» What is being asked
Repeat the data in full. Drop every picture.

» Data
>>>>

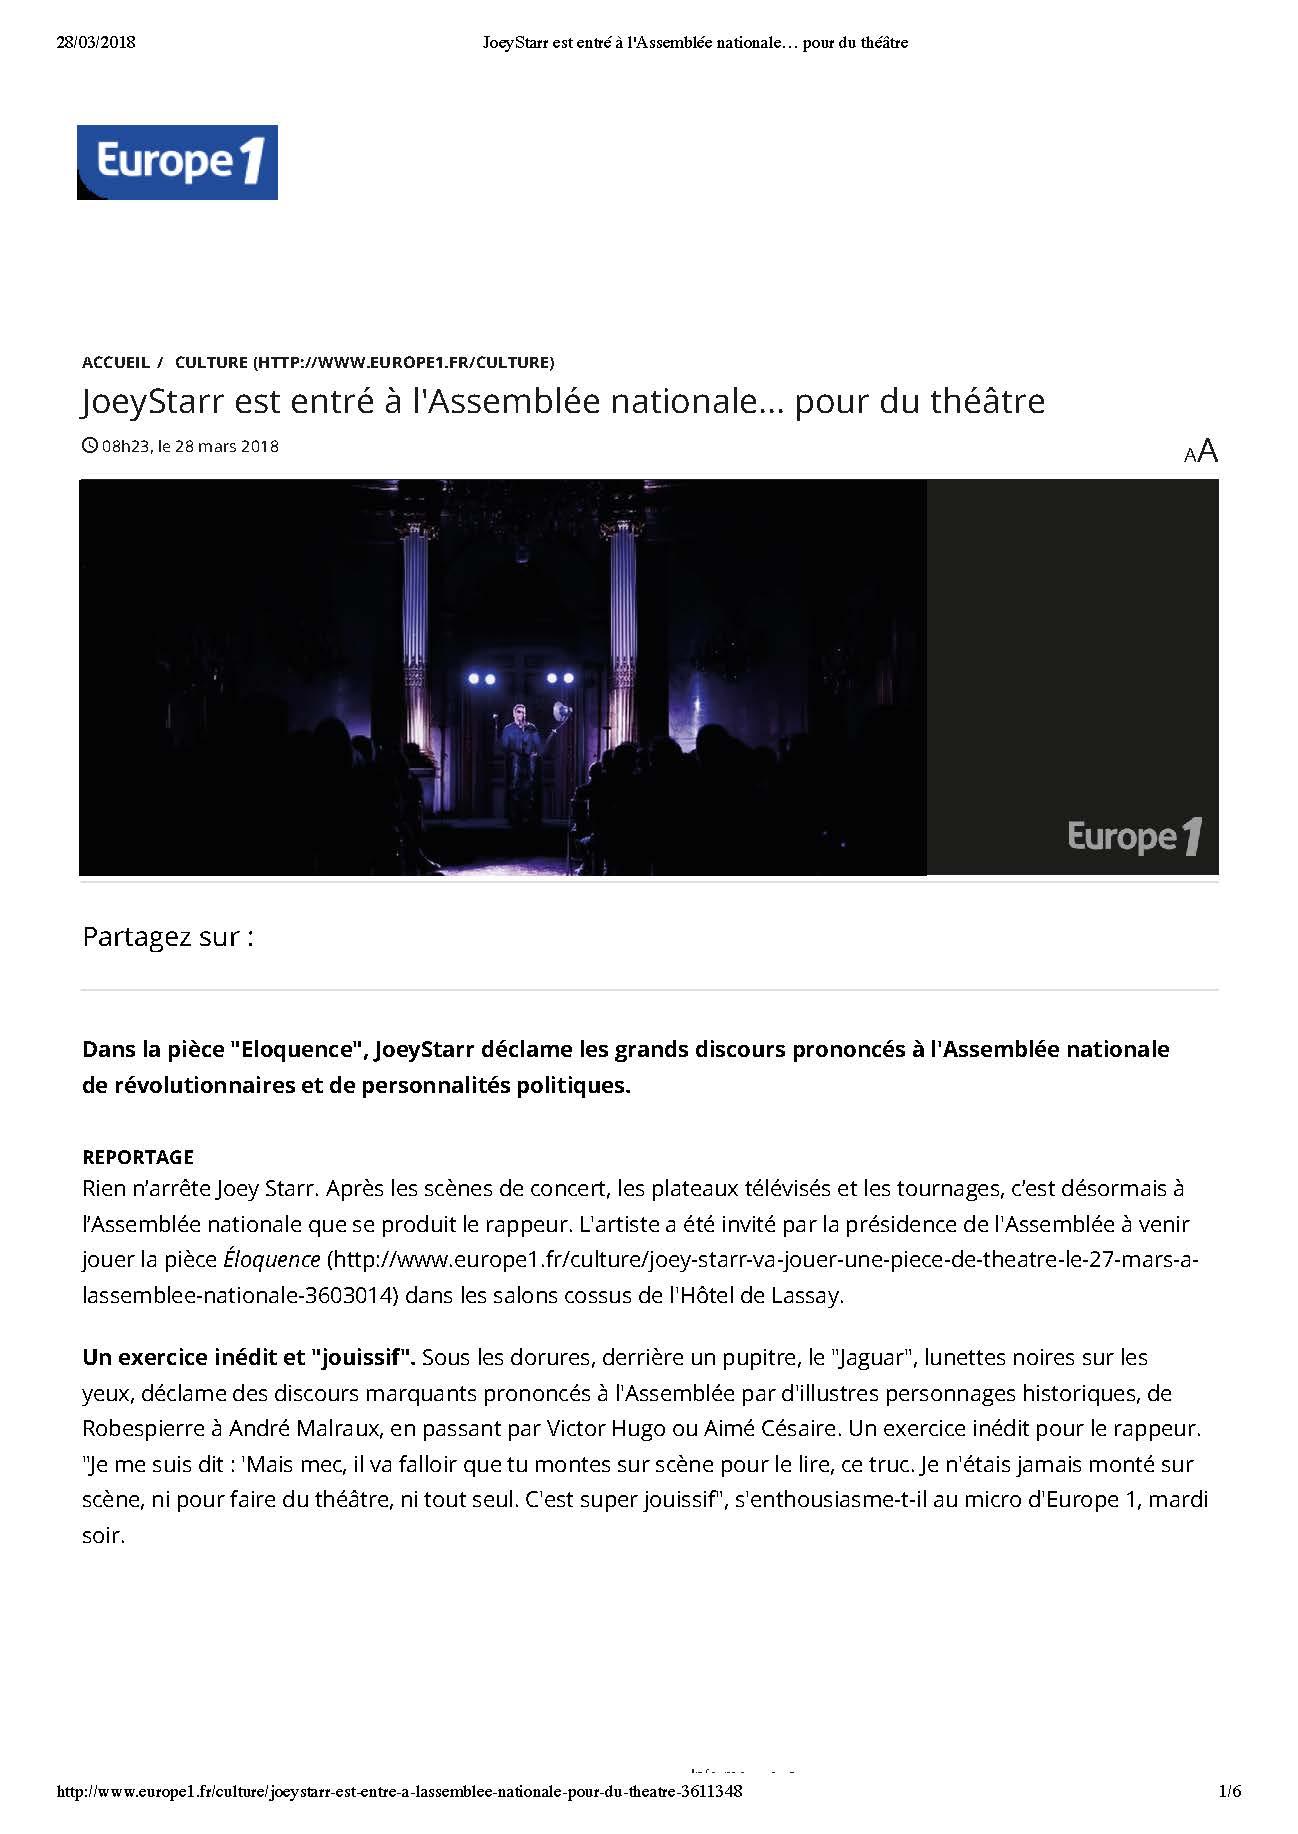 Europe_1_280318JoeyStarr_est_entré_à_l'Assemblée_nationale…_pour_du_théâtre
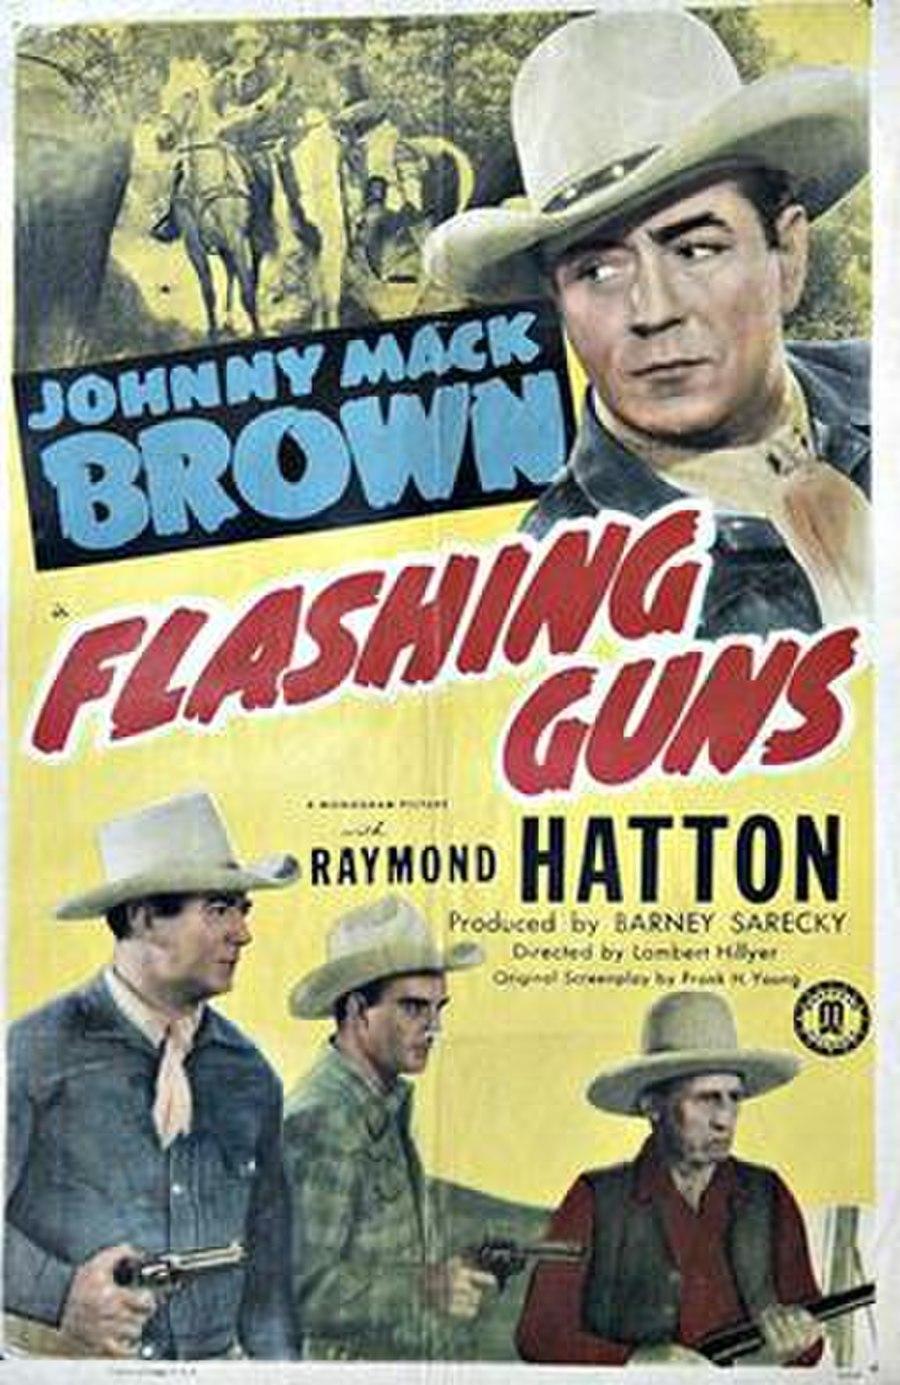 Flashing Guns
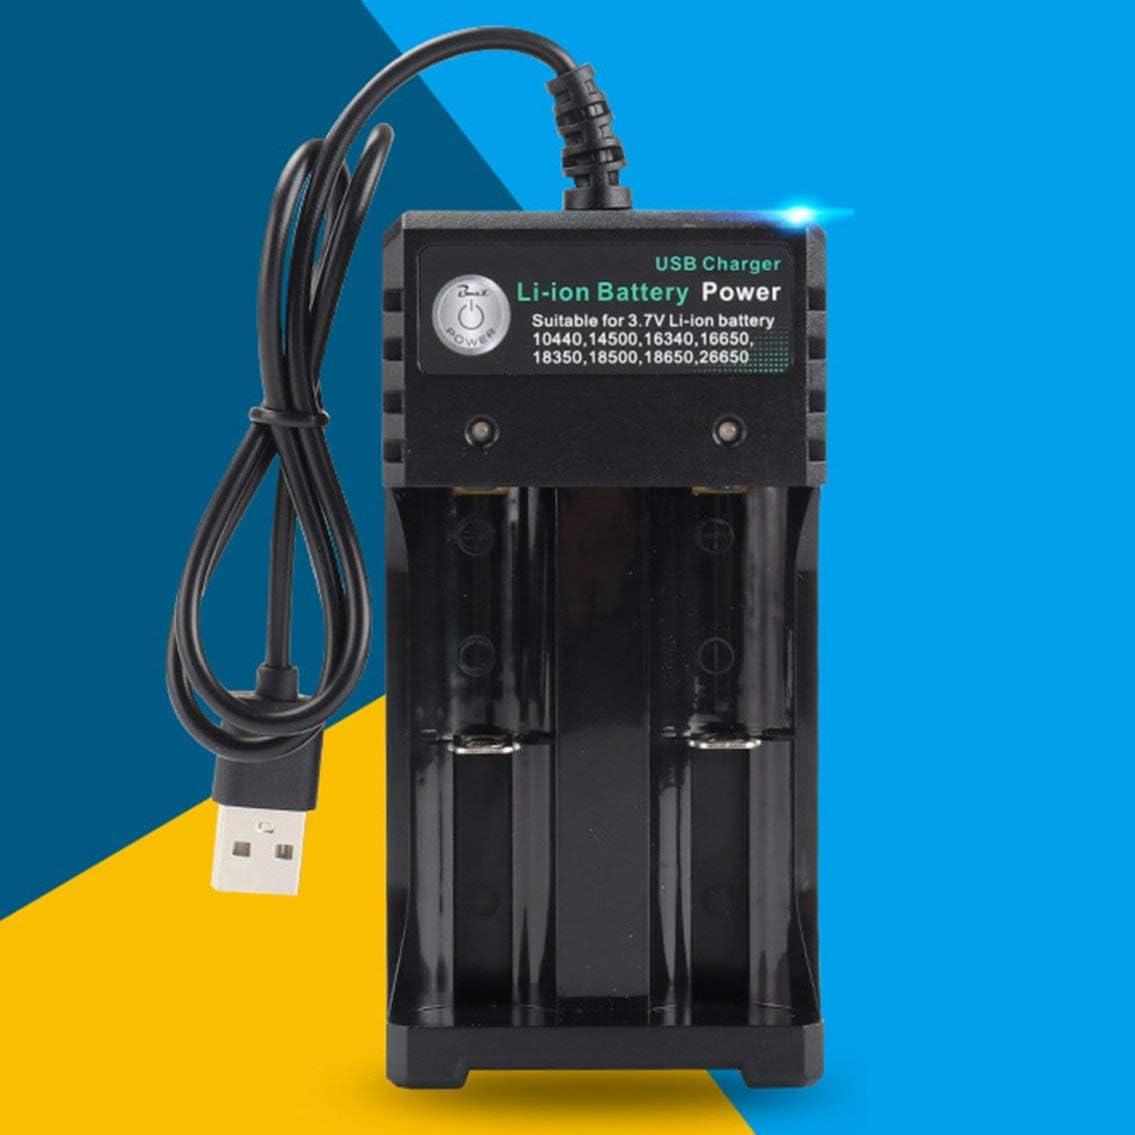 Cargador de bater/ía para 3.7V 18650 14500 16340 26650 Bater/ías 2 Puertos Cargador de bater/ía con Enchufe USB Accesorios para Herramientas el/éctricas-Negro
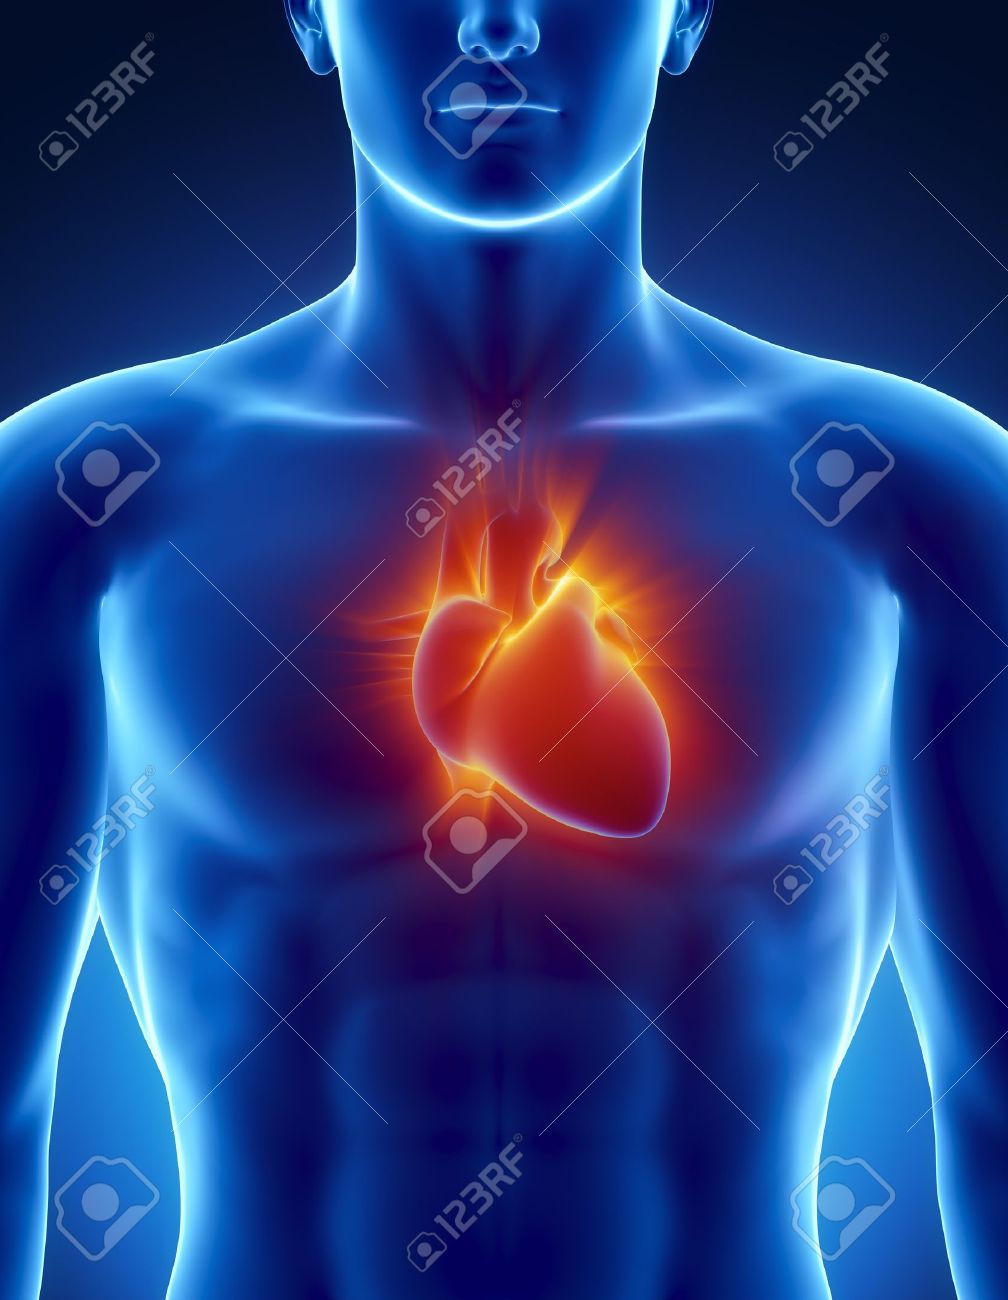 Männliche Anatomie Des Menschlichen Herzens In X-ray-Ansicht ...

<<<<

» Task solution
 Europe_1_280318JoeyStarr_est_entré_à_l'Assemblée_nationale…_pour_du_théâtre
 Flashing Guns
 Cargador de bater/ía para 3.7V 18650 14500 16340 26650 Bater/ías 2 Puertos Cargador de bater/ía con Enchufe USB Accesorios para Herramientas el/éctricas-Negro
 Männliche Anatomie Des Menschlichen Herzens In X-ray-Ansicht ...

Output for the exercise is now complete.